Comet water discovered to be nearly identical in composition to Earth's oceans

 Suggests comet bombardment contributed to forming oceans

This photo of Comet Hartley 2 from the November 2010 flyby performed by NASA's Deep Impact spacecraft shows jets containing water vapor ejecting from the core.

From the European Space Agency: Did Earth’s oceans come from comets?

Comet Hartley 2 observed by ESA’s Herschel
This illustration shows the orbit of comet Hartley 2 in relation to those of the five innermost planets of the Solar System. The comet made its latest close pass of Earth on 20 October, coming to 19.45 million km. On this occasion, Herschel observed the comet. The inset on the right side shows the image obtained with Herschel’s PACS instrument. The two lines are the water data from HIFI instrument. Credits: ESA/AOES Medialab; Herschel/HssO Consortium

ESA’s Herschel infrared space observatory has found water in a comet with almost exactly the same composition as Earth’s oceans. The discovery revives the idea that our planet’s seas could once have been giant icebergs floating through space.

The origin of Earth’s water is hotly debated. Our planet formed at such high temperatures that any original water must have evaporated. Yet today, two-thirds of the surface is covered in water and this must have been delivered from space after Earth cooled down.

Comets seem a natural explanation: they are giant icebergs travelling through space with orbits that take them across the paths of the planets, making collisions possible.
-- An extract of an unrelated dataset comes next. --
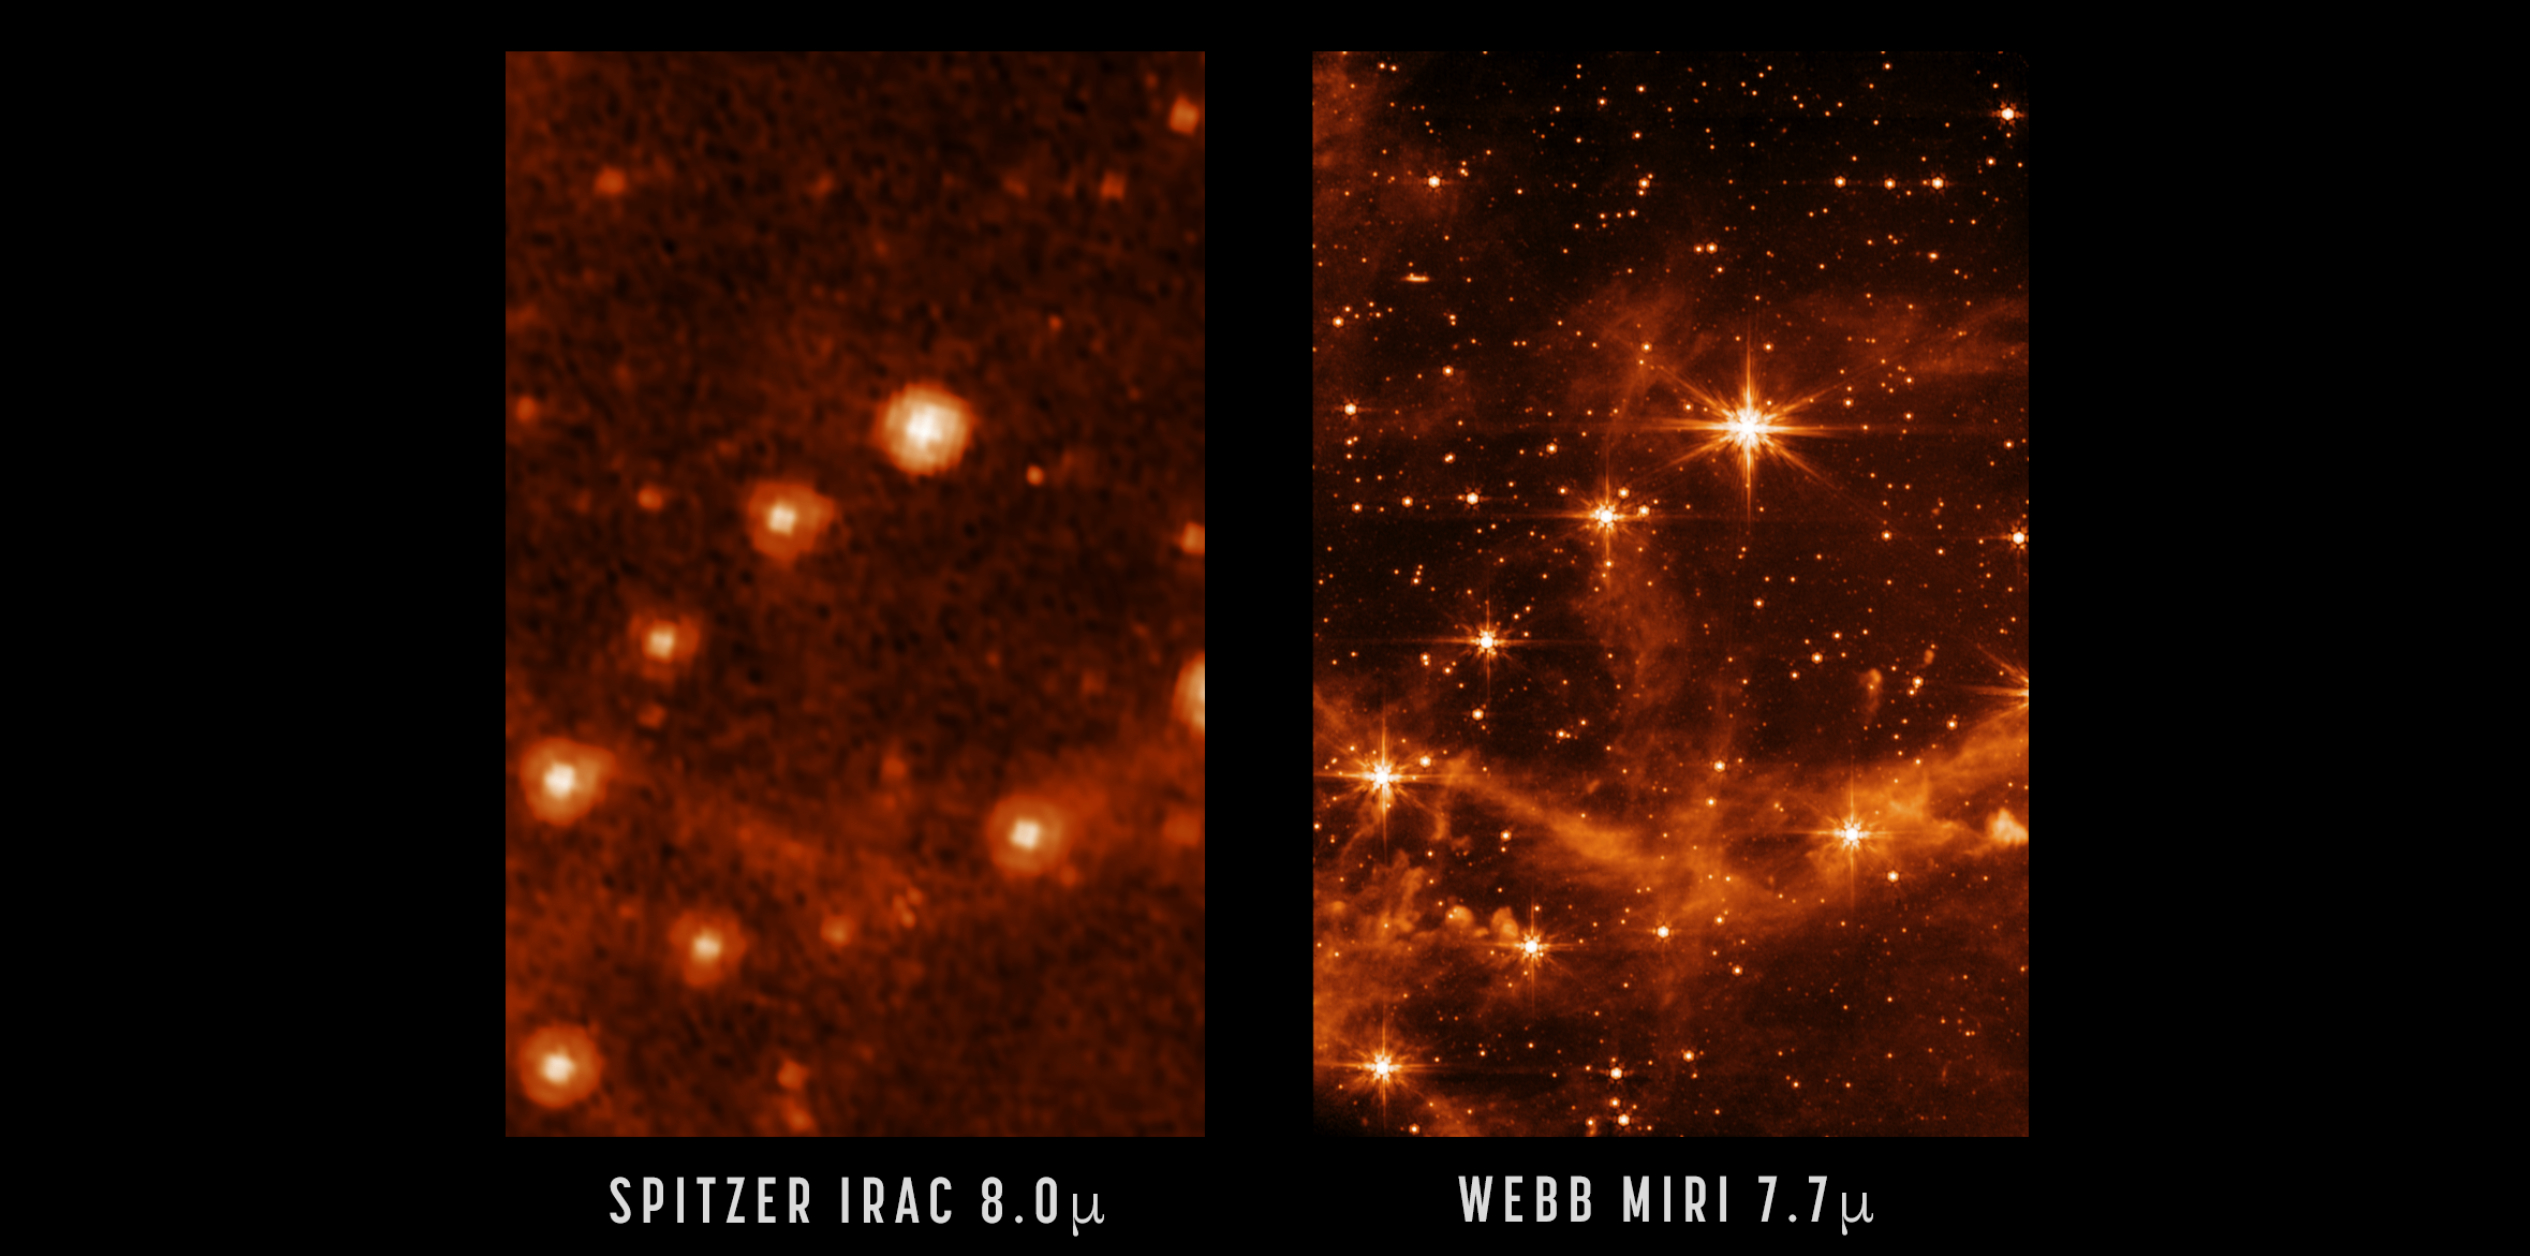 左：由史匹哲太空望遠鏡（已退役）拍攝的部分大麥哲倫星雲；右：韋布上月發布以中紅外線儀(MIRI)所拍攝的同一天區，可見細節更多更清晰。                                          圖片鳴謝: Spitzer: NASA/JPL-Caltech; MIRI: NASA/ESA/CSA/STScI

The impact of comet Shoemaker-Levy 9 on Jupiter in 1994 was one such event. But in the early Solar System, when there were larger numbers of comets around, collisions would have been much more common.

However, until now, astronomers’ observations have failed to back up the idea that comets provided Earth’s water. The key measurement they make is the level of deuterium – a heavier form of hydrogen – found in water.

Comet Hartley 2’s orbit in context
The left panel shows Comet Hartley 2’s orbit. The central panel shows a larger portion of the Solar System, including the Kuiper Belt. The Kuiper Belt is one of the two main reservoirs of comets in the Solar System. Comets like Hartley 2 are believed to have formed here and to have migrated inwards. The right panel shows the Oort Cloud, the other main reservoir of comets located well beyond the outer Solar System.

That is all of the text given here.